CIAC football committee has some tough choices to make
It's almost certain that next year's high school football season will have an all-new format.
No one can say with certainty what that change will be, including those tasked with making the decisions.
Players have been competing in too many games in too little time. State finalists have played four games in 16 days, a dangerous risk given recent discoveries in concussions and degenerative brain disease. The schedule needs to be pared down so that players get a week's rest.
Safety dictates playing three rounds of playoffs over three weeks instead of the current two-week schedule. New England weather doesn't lend itself to extending the season.
And then there's the issue of Thanksgiving games, which are sacrosanct in many parts of the state. The task of scheduling three weeks of playoffs without disrupting the holiday schedule has been difficult.
The CIAC football committee is looking to resolve the issue at next Wednesday's meeting, and everyone is being asked to bring proposals no matter how radical they may sound.
"There's a lot of data readily available on sports-related injuries and concussions that really call into question the safety of the kids," said Paul Hoey, the Associate Executive Director for CIAC. "I'm not leaning in any direction other than coming up with a plan that puts a week between games to make this work so that we're not putting kids at risk."
Ledyard coach Jim Buonocore, a committee member, said, "I don't think there is that perfect answer, honestly. I think there are going to have to be some concessions made. … There's going to have to be some change to the football schedule in the state of Connecticut as we know it."
The current four-division, eight-team playoff system features quarterfinal and semifinal rounds on the Tuesday and Saturday after Thanksgiving, respectively, with the finals on following Friday and Saturday. Some finalists played four games in 16 days last season.
Ansonia was one of five teams that played 15 games in 14 weeks in 2013 - 11 regular season games, a conference final sandwiched in the week before Thanksgiving, and three playoff games.
"It is way too much for a high school kid," Chargers coach Tom Brockett said. "We love football and we love to compete, but I think people have to start listening when coaches say it's too much for the kids. … in the NFL, you'd have a bye. Colleges have byes. Our kids don't get a chance to breathe like that."
Those who participate in winter sports are also starting late with little to no rest between seasons.
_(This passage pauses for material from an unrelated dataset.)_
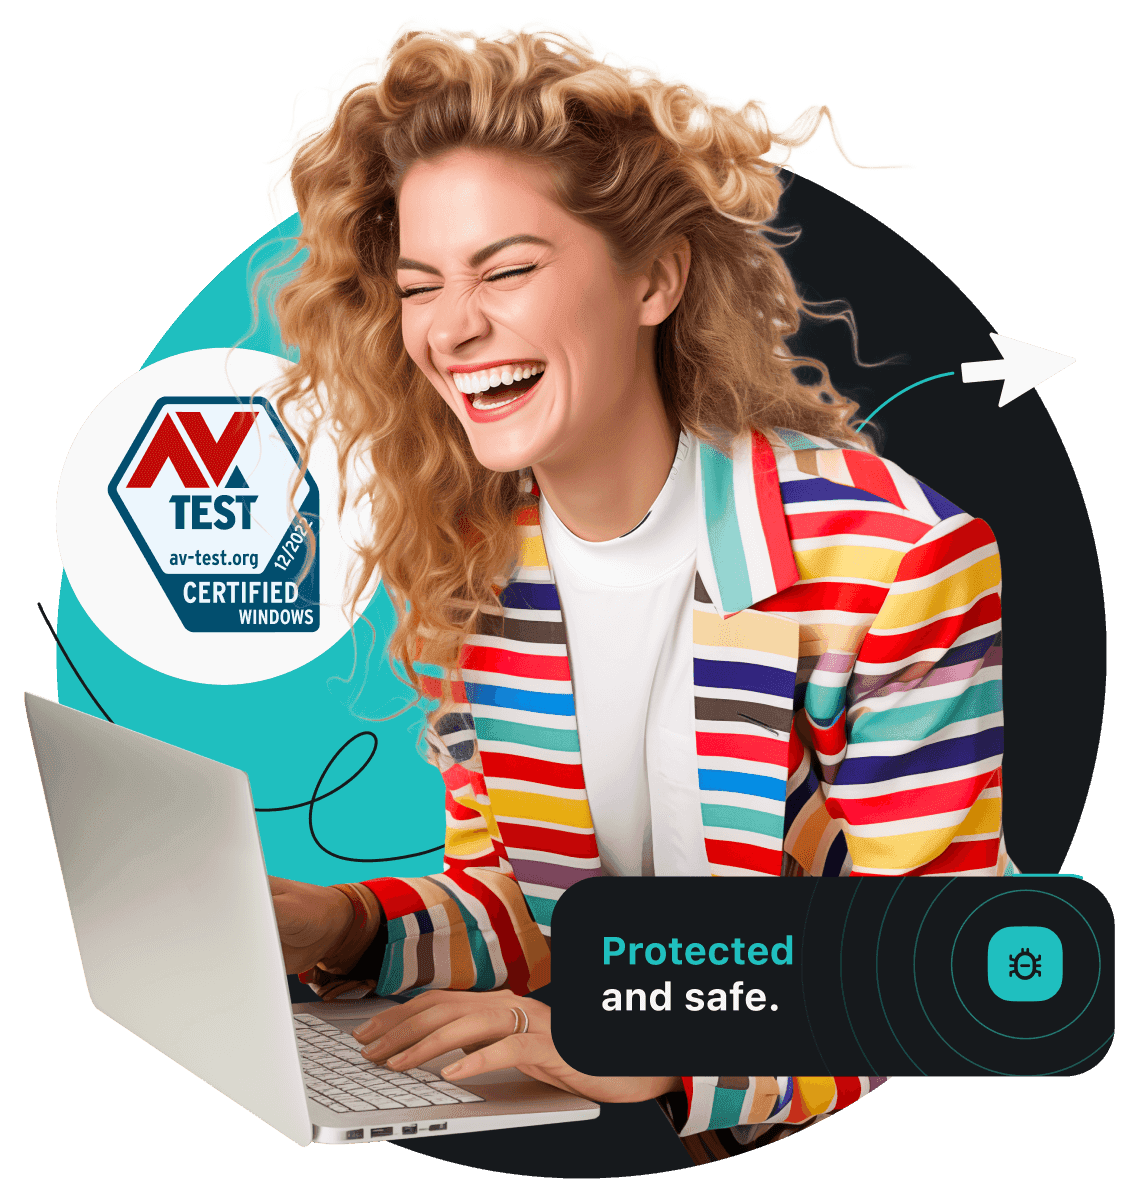 一个穿着彩色条纹夹克的女人面带笑容地在笔记本电脑上浏览网页。左侧显示 AV 检测认证徽章。

There are proposals to play the quarterfinal and semifinal rounds a week before Thanksgiving. It would be a tough sell in communities where Thanksgiving football is a tradition that shouldn't be compromised.
"No matter what we do, Thanksgiving will have to stay intact," Hoey said. "That game has to count towards the playoffs."
Hoey noted the uproar in Massachusetts when it began starting its playoffs before Thanksgiving.
"The opinion of ADs in Massachusetts is that the new playoff system has really decimated the whole Thanksgiving Day atmosphere up there," Hoey said.
Buonocore said he's not for or against starting the playoffs before Thanksgiving. He also doesn't believe starting them before Thanksgiving would dilute those games, noting that teams went all-out on Thanksgiving when only two teams qualified in each playoff divisions (1976-94).
"I was fortunate to play in three state championship games," Buonocore said. "We qualified every year before that Thanksgiving Day game. We knew we were playing for a state championship (the following week). We still showed up on Thanksgiving Day and played. … Thanksgiving Day games have been a big part of my life since I was born, believe me. I'm taking nothing away from it, but I'm looking at it from all angles."
Hoey would like the regular season capped at 10 games - the calendar allows for an 11-game season every few years. He and the coaches don't want to shrink the number of playoff participants, either.
Hoey discussed a format with eight four-team playoff divisions. The top eight teams in Class LL, L, M and S would be broken up into two divisions, and a semifinal and final round would be played over two weeks.
"This is all hypothetical at this point," Hoey said. "The committee will look at all options on the table."
New Canaan coach Lou Marinelli, the chairperson on the football committee, was asked about that format.
"Seeing as New Jersey has about 800 state champions, I don't think that would be such a bad thing," Marinelli said. "That sounds good to me."
Asked if eight state champions were too many for a small state, Marinelli said, "From whose view? Not from a kids viewpoint if he has a chance to win a state championship in his division."